At the risk of invoking a cliche, our education system is a bit like a painkiller junkie who just had his wisdom teeth pulled. In the long term, we probably want to wean the patient off drugs. In the short term, the patient happens to be in dire need of some drugs.

Perhaps more troubling than this overwrought analogy is that Thompson dismisses my complaint that the $23 billion bailout would, in addition to being educationally worthless, add to our staggering national debt.  $23 billion, Thompson essentially says, is just too small a piece of federal change to complain about its debt implications.

“Well,” he writes, “if we’re playing the put-it-in-context game, $23 billion is ‘only’ 0.6% of the 2010 budget. An unfortunate bailout, perhaps, but hardly catastrophic…”

OK. If the game we’re supposed to be playing is the “this-expenditure-isn’t-all-that-big” game, then we can forget about ever cutting the $13 trillion debt.
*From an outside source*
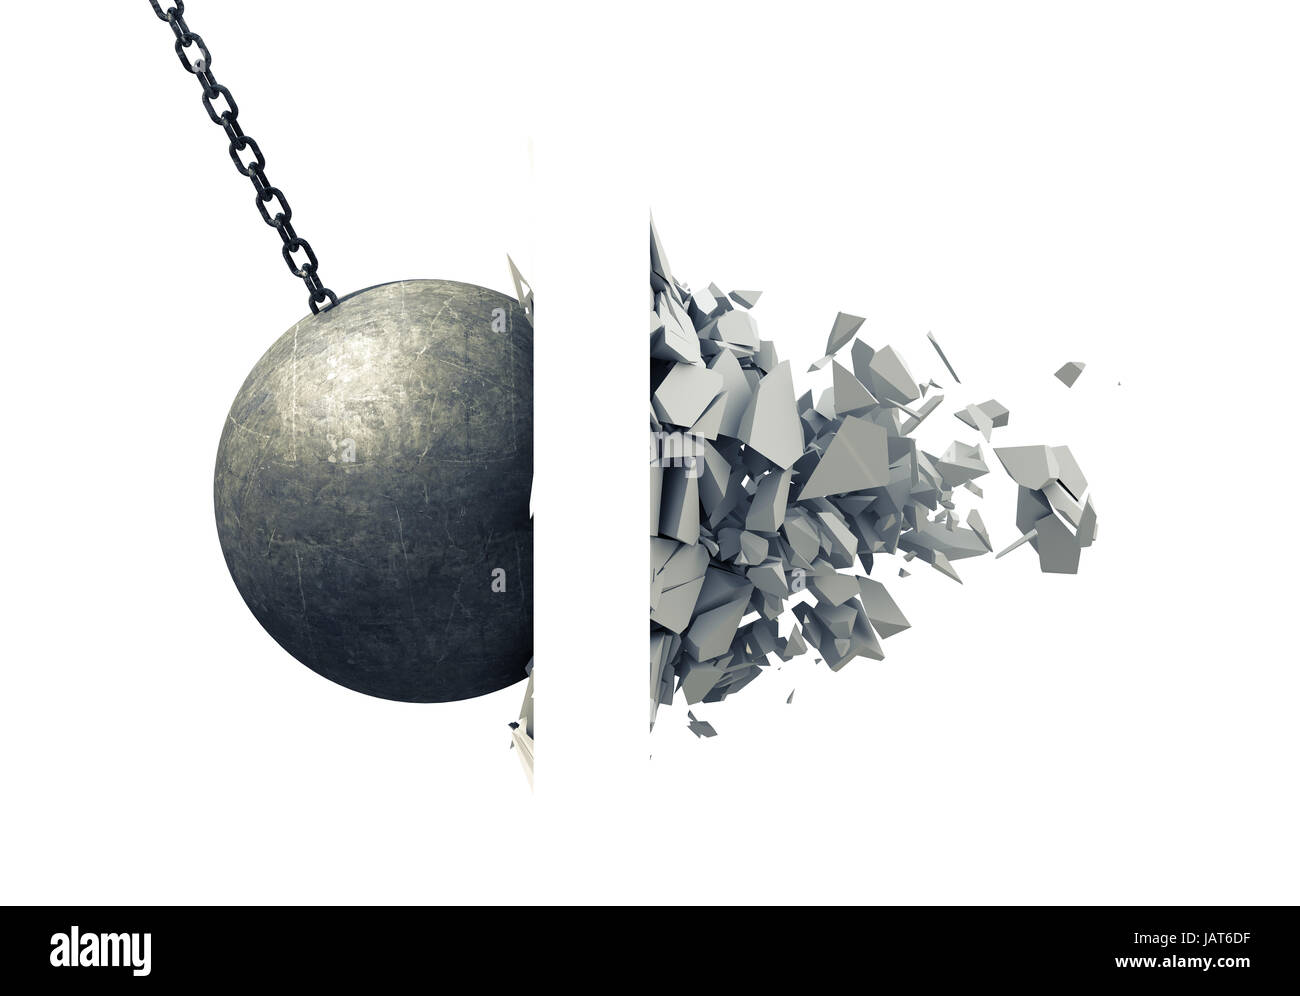 Metallic Wrecking Ball Shattering Wall. 3D Illustration Stock Photo - Alamy

Heck, the Defense Department’s budget in FY 2010 was “only” about $693 billion, a mere 5.3 percent of the national debt.

Joining the bailout defense today is White House Council of Economic Advisors chair Christina Romer, who pushes for it in the Washington Post.
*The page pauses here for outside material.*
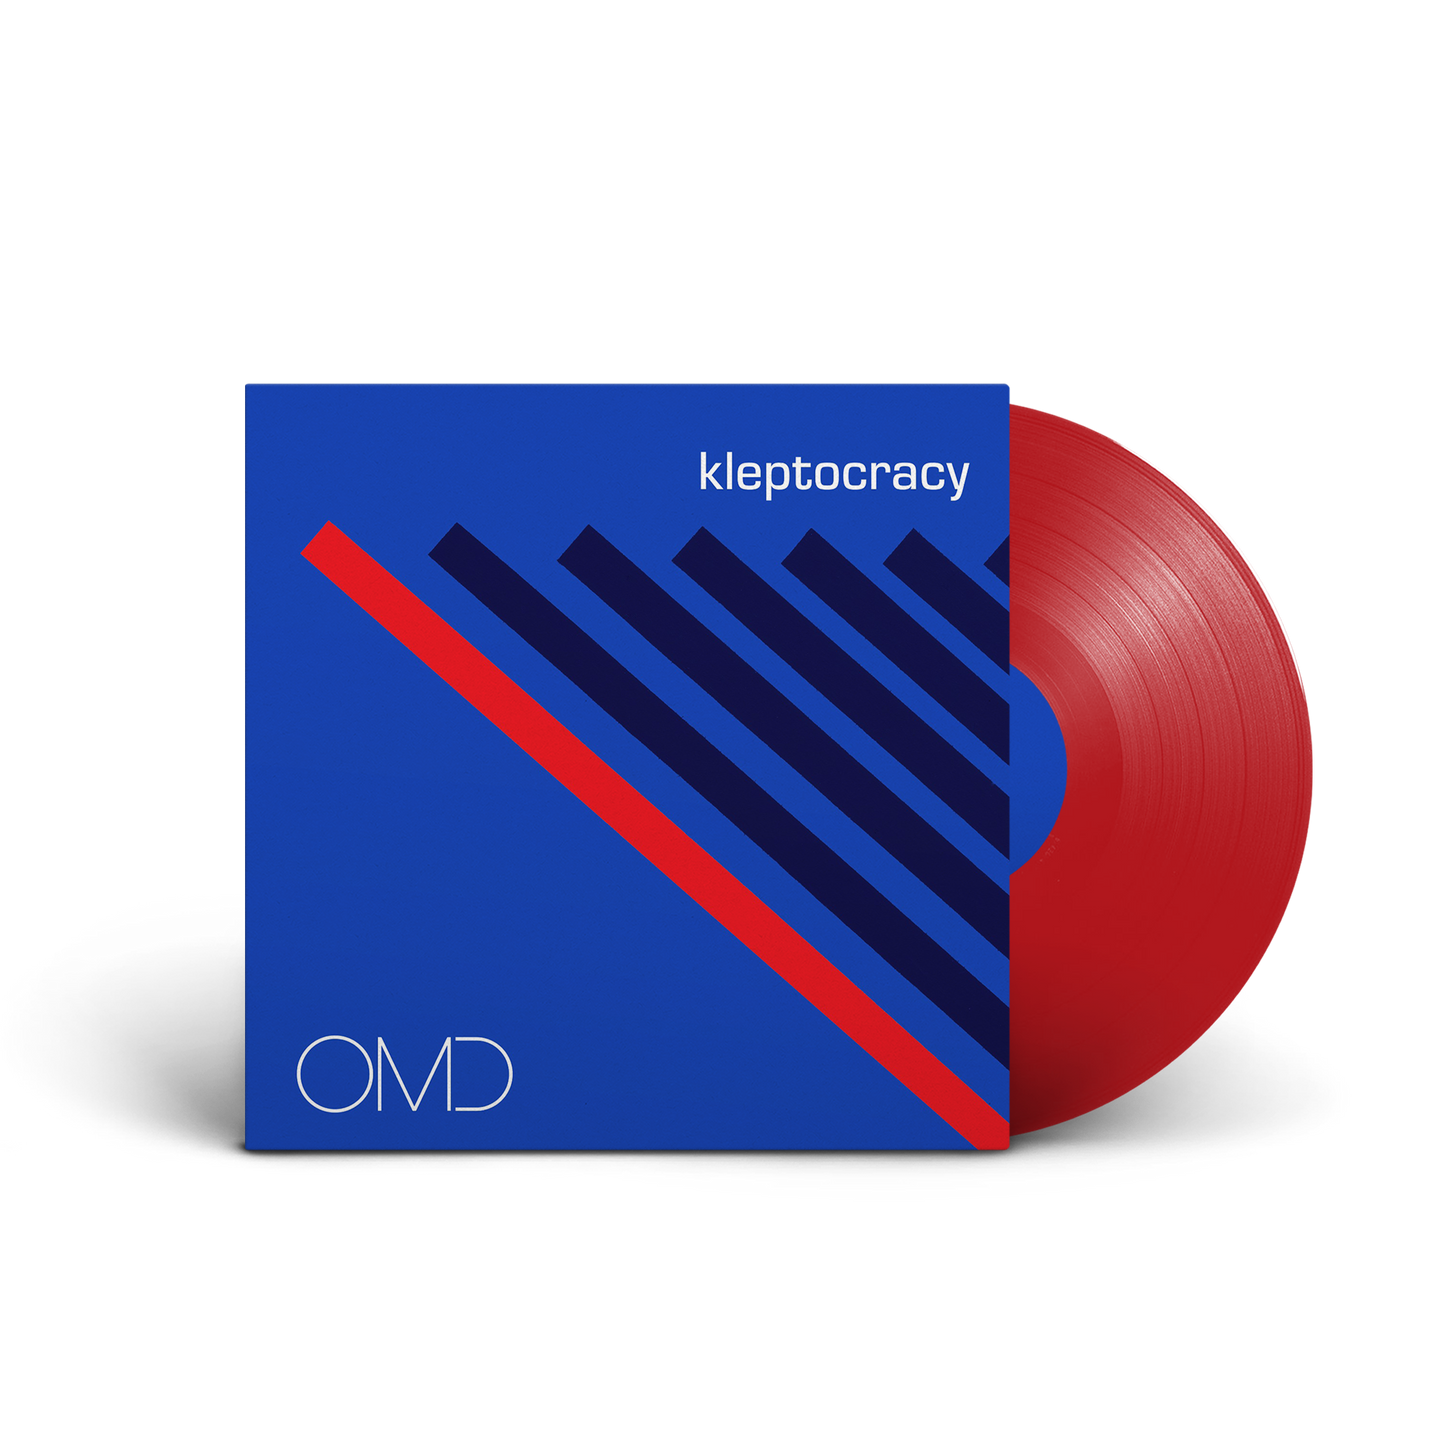 kleptocracy 12" vinyl single

In addition to repeating the usual, now thoroughly debunked proclamations of impending educational disaster, Romer rolls out boilerplate about the government needing to maintain high employment in order to keep people spending and paying taxes:

Because unemployed teachers have to cut back on spending, local businesses and overall economic activity suffer. And the costs of decreased learning time and support for students will be felt not just in the next year or two but will reduce our productivity for decades to come…

Furthermore, by preventing layoffs, we would save on unemployment insurance payments, food stamps and COBRA subsidies for health insurance, and we would maintain tax revenue.

Given the at-best highly dubious short-term positive effects of the “stimulus,” it is hard to believe that too many people at this point will find these arguments persuasive. Worse yet, Romer glosses right over the fact that the mammoth debt will eventually have to be repaid, and that that will have huge negative effects for local businesses and everyone else as their money goes from useful pursuits to government debt repayment.

In light of how flaccid the arguments are for the bailout, it’s really no surprise that the Obama administration is sending mixed signals about how much it really wants the rescue. By offering some support – including having the Education Secretary appear at the launch of the NEA’s PR blitz – the administration keeps on the good side of the teachers unions. But by not going all out, the administration doesn’t end up too closely connected to a debt-be-damned expenditure that neither addresses a real emergency, nor has any meaningful connection to education quality.